Born on 31 March 1870 at Holidays Cove, West Virginia, he was educated at Princeton Theological Seminary (where he was known as “Happy Hallock”), and in 1896 joined the American Presbyterian Mission at Shanghai. Hallock was to remain in China for over fifty years, installed briefly as a professor and Dean of Theology at Shanghai’s prestigious St John’s University, pioneering Sunday Schools for underprivileged children, serving as pastor of the red-brick Endeavourer’s Church for Eurasians on the corner of Range and Chapoo roads, and publishing all manner of religious works in Chinese – including some 1,812,000 copies of his annual Hallock’s Chinese Almanac.

But none of this singled Hallock out from the hundreds of other Christian missionaries in China at the time, and he would have been forgotten if, in 1905, he hadn’t resigned from his mission. With no church body funding his causes anymore, he looked around for other ways to raise money and became a prolific writer of what today would be condemned as spam mail – enough to get him banned from any social media platform.

Hallock would buy woodblock prints of Chinese deities at the markets in Shanghai, write letters describing their folklore, and then send them to potential donors in the US. The letters always ended with an appeal for funds, claiming these prints were proof that the Chinese worshiped heathen gods and needed converting to Christianity. Hallock did this for decades, and many of the prints and letters survive, creased from being folded to fit inside the distinctively narrow envelopes that he used.

In May 1927 Hallock sent prints of the Daoist patriarch Zhang Daoling riding a plague-displelling tiger to at least four different people in the US, including two of his Princeton contemporaries. These prints were made for duanwu, the fifth of the fifth lunar month and notorious for being the hottest and unhealthiest time of the year, and served as folk remedies against “the five poisons” – the centipede, snake, spider, toad and lizard. The text names Shangqing temple at Longhu Mountain in Jiangxi province, centre of Zhang Daoling’s Tianshi sect; the prints probably weren’t actually made there, just issued under the temple’s seal.

The accompanying letter outlines the complicated relationship that the Chinese have with tigers: in the real world they are a danger to human life, but their strength and ferocity can be harnessed symbolically. Infants traditionally wore tiger hats to protect them from danger and illness, and Hallock wrote that “as one goes along the roads he sees paper tigers pasted over the door, that the evil spirits, seeing the tiger, will flee away to a tigerless house.”

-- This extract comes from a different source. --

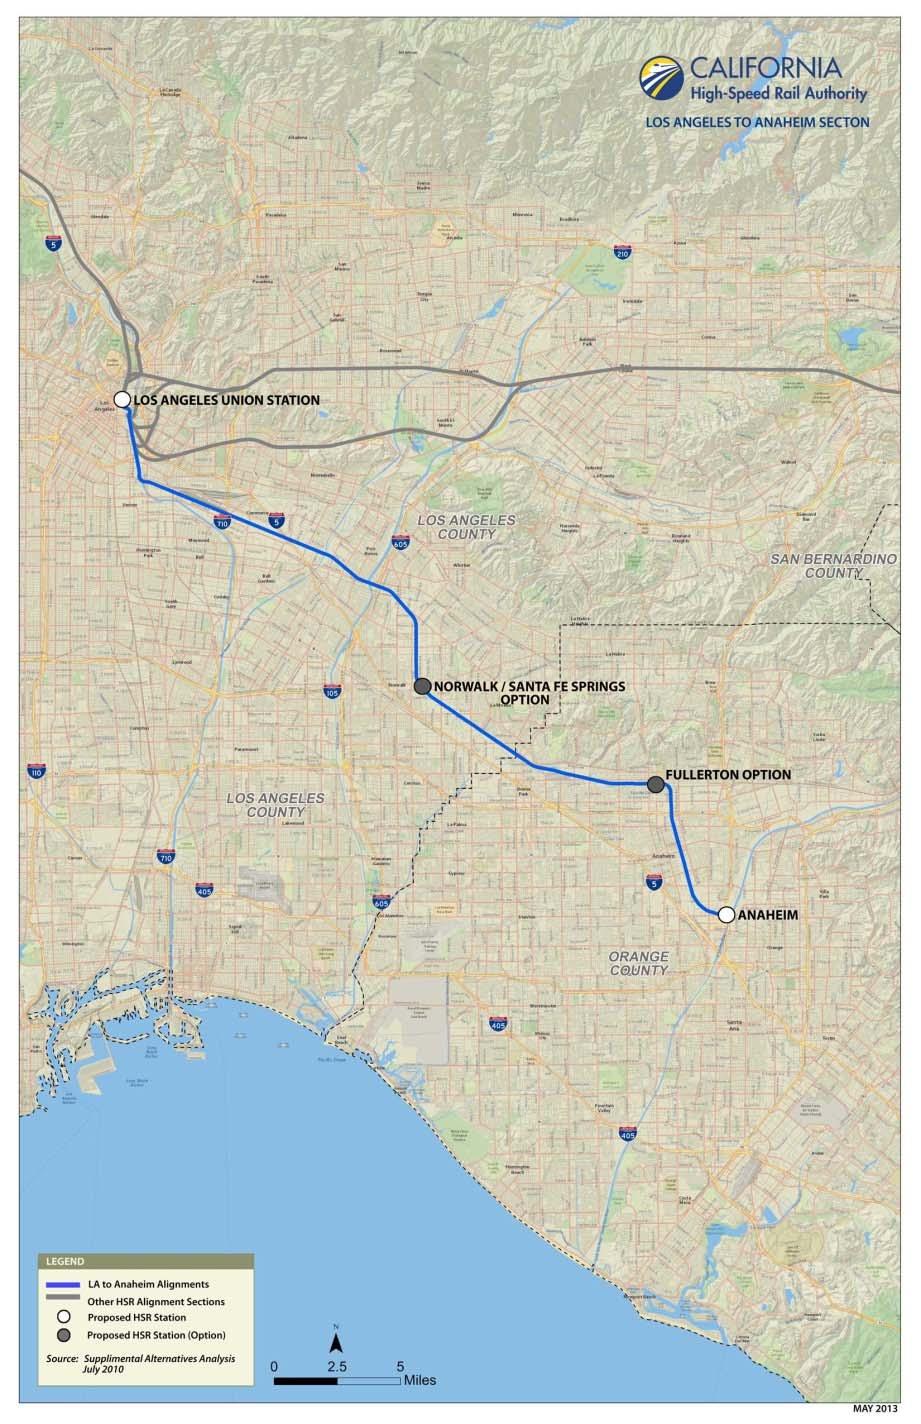 LOS ANGELES TO ANAHEIM PROJECT SECTION 30 Mile Route Connects Los Angeles Union Station and Anaheim Regional Transportation
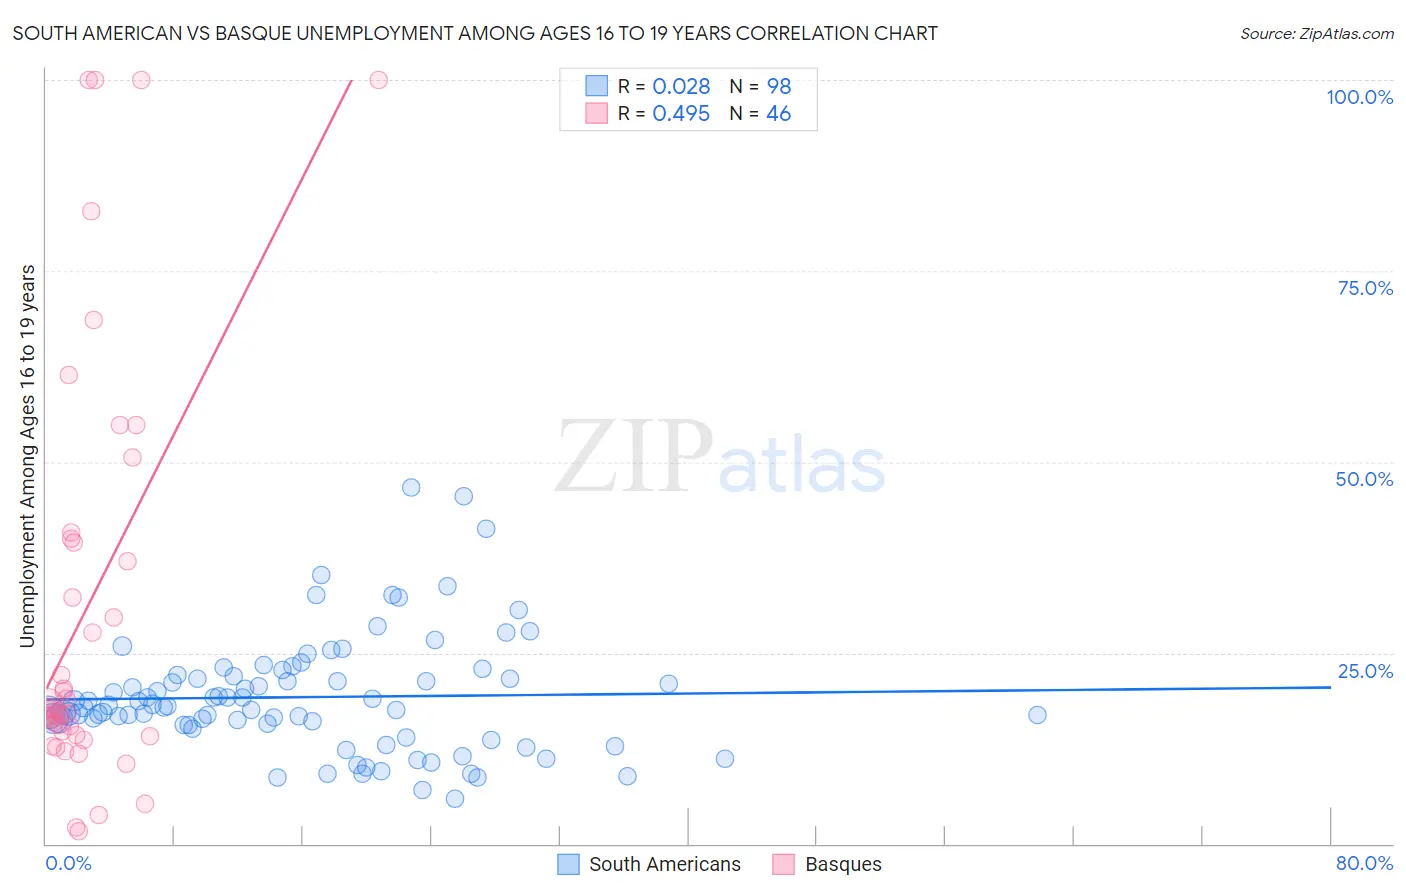 South American vs Basque Unemployment Among Ages 16 to 19 years

The above print has a well-used design of a central figure surrounded by children which served for many deities. But the tablet reading “Dingfu Palace” identifies this one as the Stove God, Zaojun, patron deity of the household. Pictures of him were pasted up in the kitchen so that Zaojun could watch over the family throughout the year, protecting them from harm. At New Year, he returned to heaven and reported to the Jade Emperor on how the household had behaved over the previous twelve months. The man of the house took down Zaojun’s picture, smeared his lips with honey (either to sweeten his words, or to seal his mouth), and set out water and grass for Zaojun’s horse. The print was then burned to send the god on his way, and a fresh image put up a week later.

Accompanied by a letter dated to September 1927, the third print depicts the red-faced deity of Martial Righteousness, Guan Yu. Guan was a historic general (he died in 220 AD), who together with his oath-brothers Liu Bei and Zhang Fei defended the state of Shu during the break-up of the Han dynasty. The figure behind is his armour-bearer Zhou Cang, a former bandit, holding Guan’s famous “Green Dragon Crescent” halberd – these weapons were later named guan dao, “guan halberds”, in his honour.

Guan Yu’s cult spread widely through China during the nineteenth century, with shrines in just about every temple. His associations with sworn brotherhood made him a patron of both police forces and secret societies, though he’s most widely worshipped today as a wealth deity, representing business profits – his statue often appears in Chinese stores and restaurants.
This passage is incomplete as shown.